Воняла не только бабка. Чуров тоже начал вонять, пахучий подросток Чуров, его носки и он сам, вечно потный, едкий, рыхловатый, специфический. Пованивали кеды, рюкзак, физкультурная форма. Сколько ни мойся, сколько ни распахивай окно комнаты в дикий космос. Там виднелись ржавые крыши, верхушки ржавых тополей, зимние подмороженные синеватые стрехи и ржавые розочки-улитки водосточных труб. – Бабуля, – кряхтел Чуров, поворачивая старуху на бок. – Ну что такое, помогай давай.
Телевизор показал солнечные башни и арки города Санта-Барбара. Чуров сел за стол, положил голову на руки и ещё раз, сбоку, посмотрел на пузырёк. Тушь была китайская. На этикетке были нарисованы цветы сливы и циркуль.
Чуров выдрал бумагу из середины тетрадки по географии и открутил крышку пузырька. Кисточки у него не было. Но рисовать он и не собирался.
* * *
– Я знаю, кто это сделал, – ровным голосом сказал историк где-то наверху.
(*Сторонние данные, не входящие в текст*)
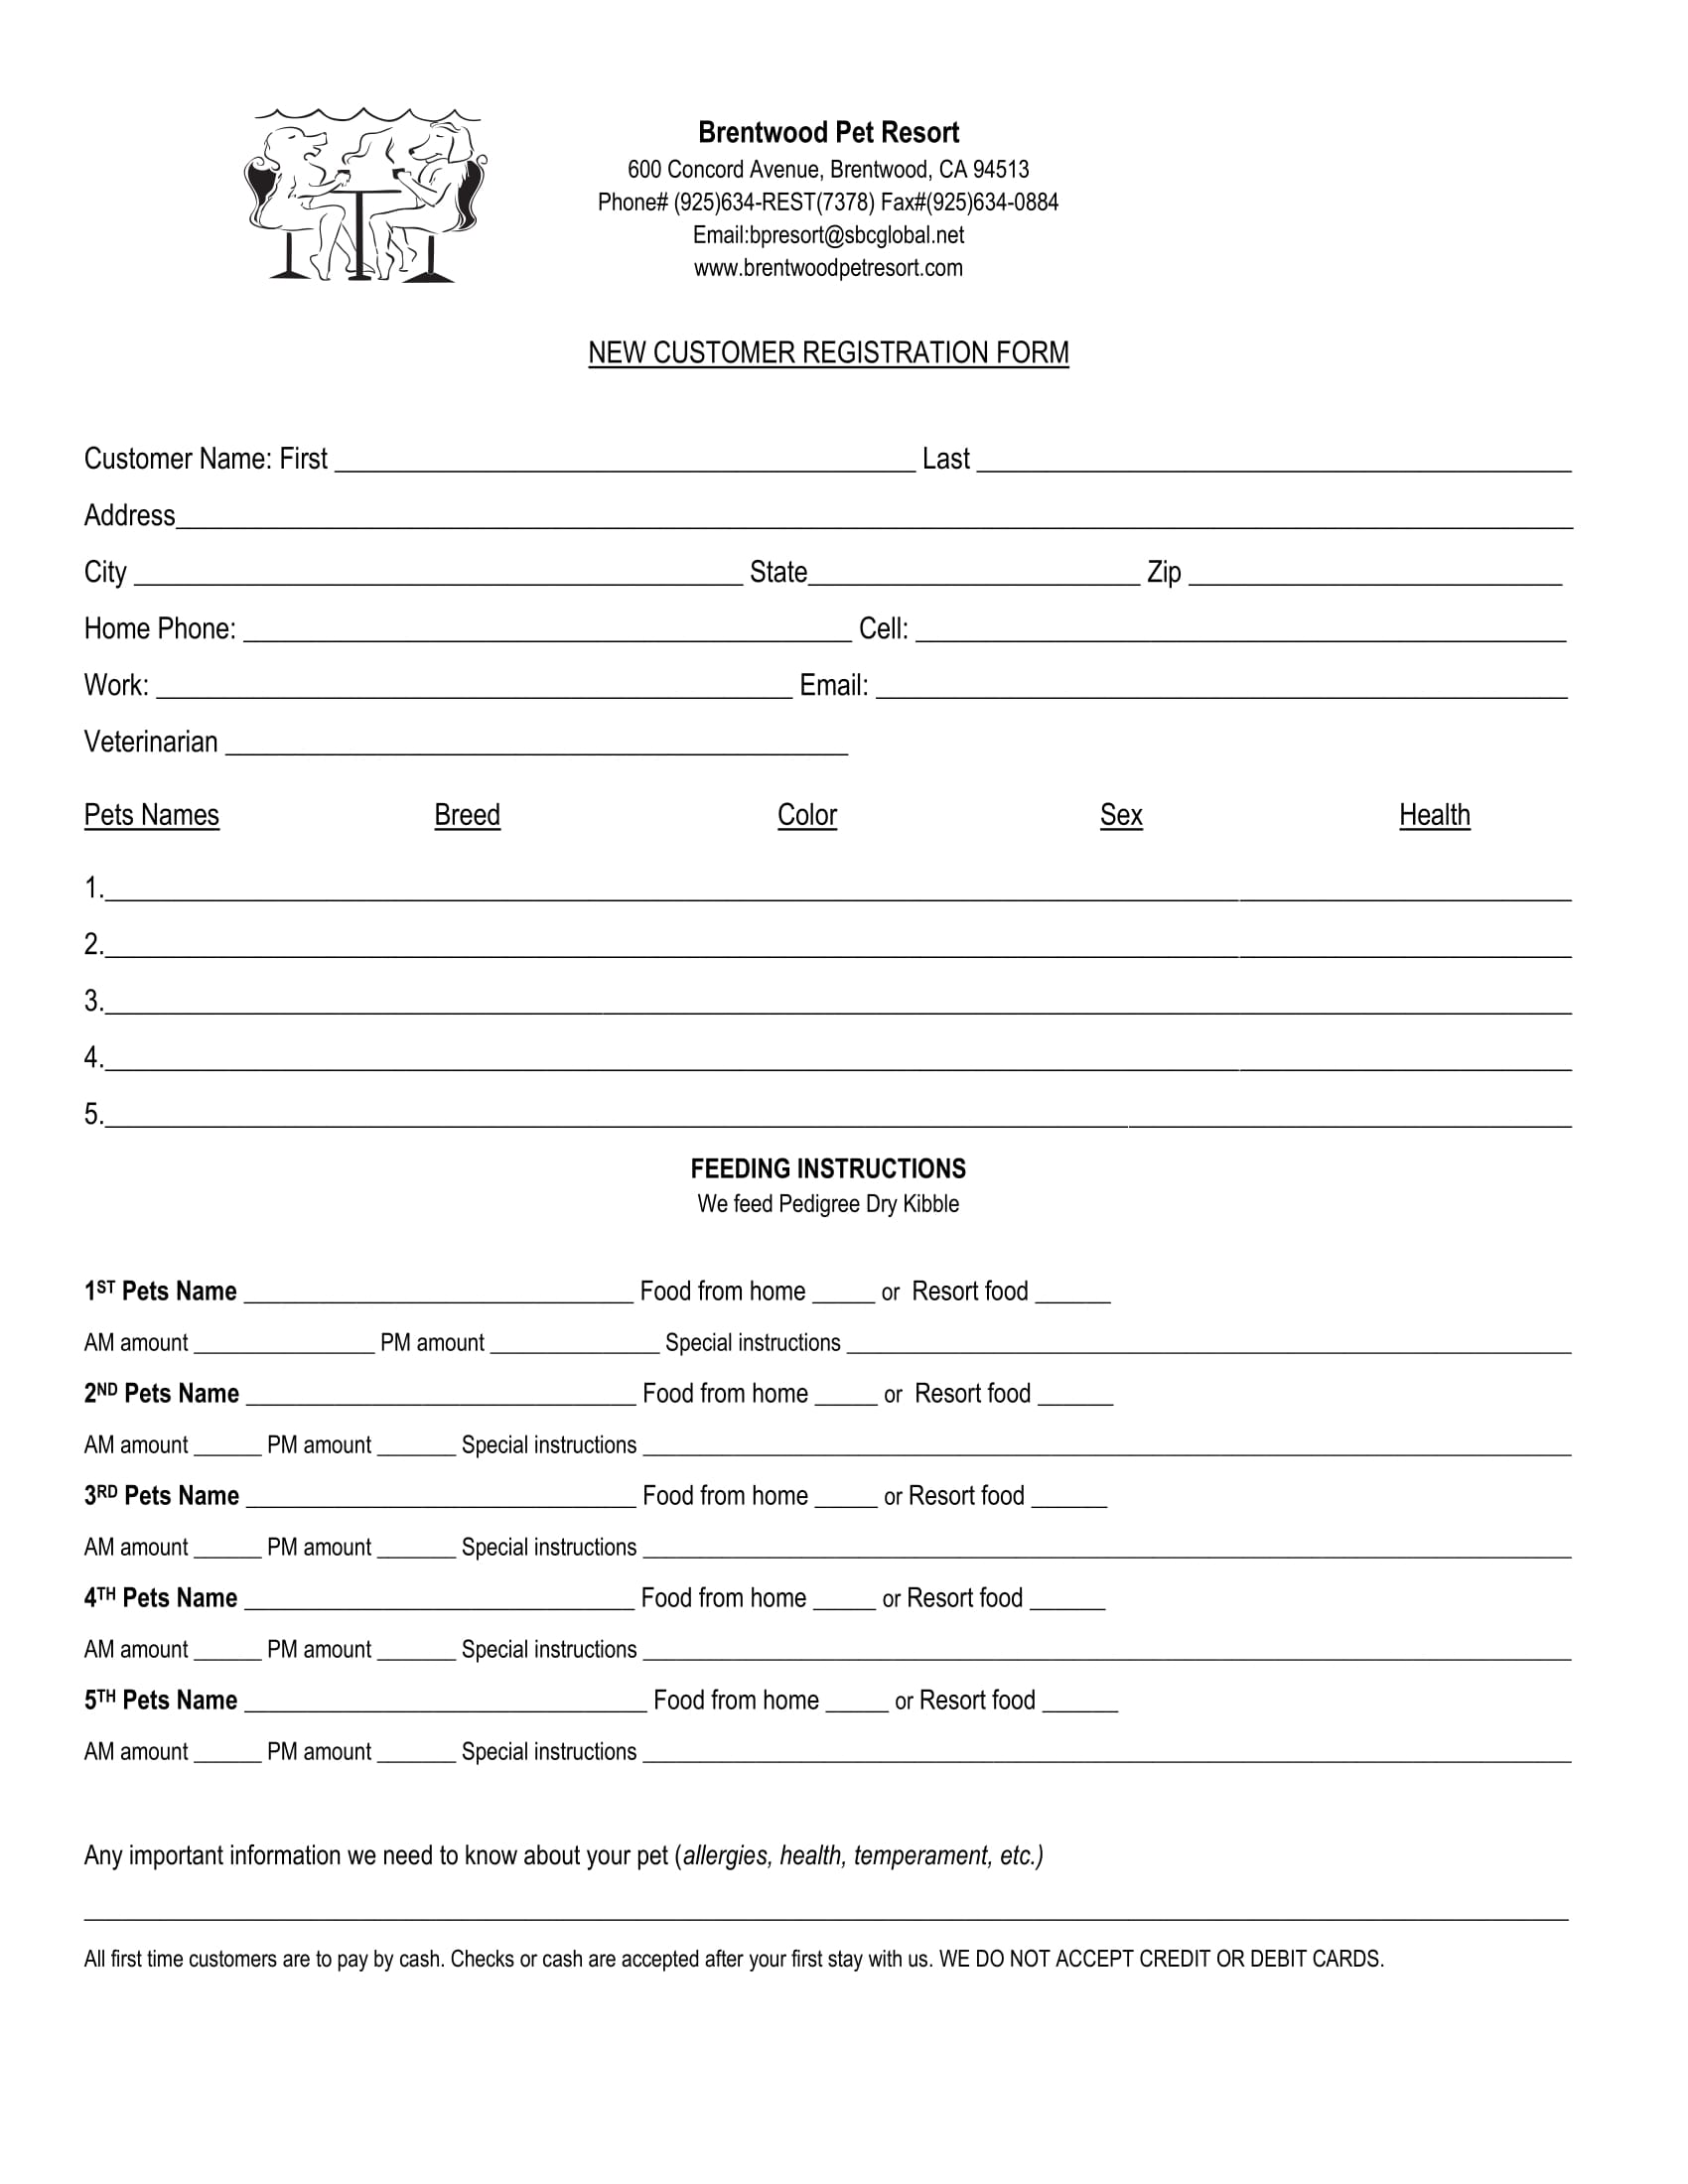 free-6-new-customer-registration-forms-in-pdf-ms-word

И небо не упало на землю. А чего ему падать? Ну, знает и знает. Конечно, народ в классе стал переглядываться и коситься друг на друга, но без особого энтузиазма.
Чуров же притворился, что продолжает разглядывать сосульки. Той зимой сосульки выросли ого-го. Всё потому, что погода постоянно менялась. То дождик, то снег, а то стужа. Вот и выросли толстые, длинные, как удавы в тропических лесах. Согнутые, вогнутые и выгнутые, скрученные, то припорошённые снегом, а то прозрачные, целый лес сталактитов свисал с кровли.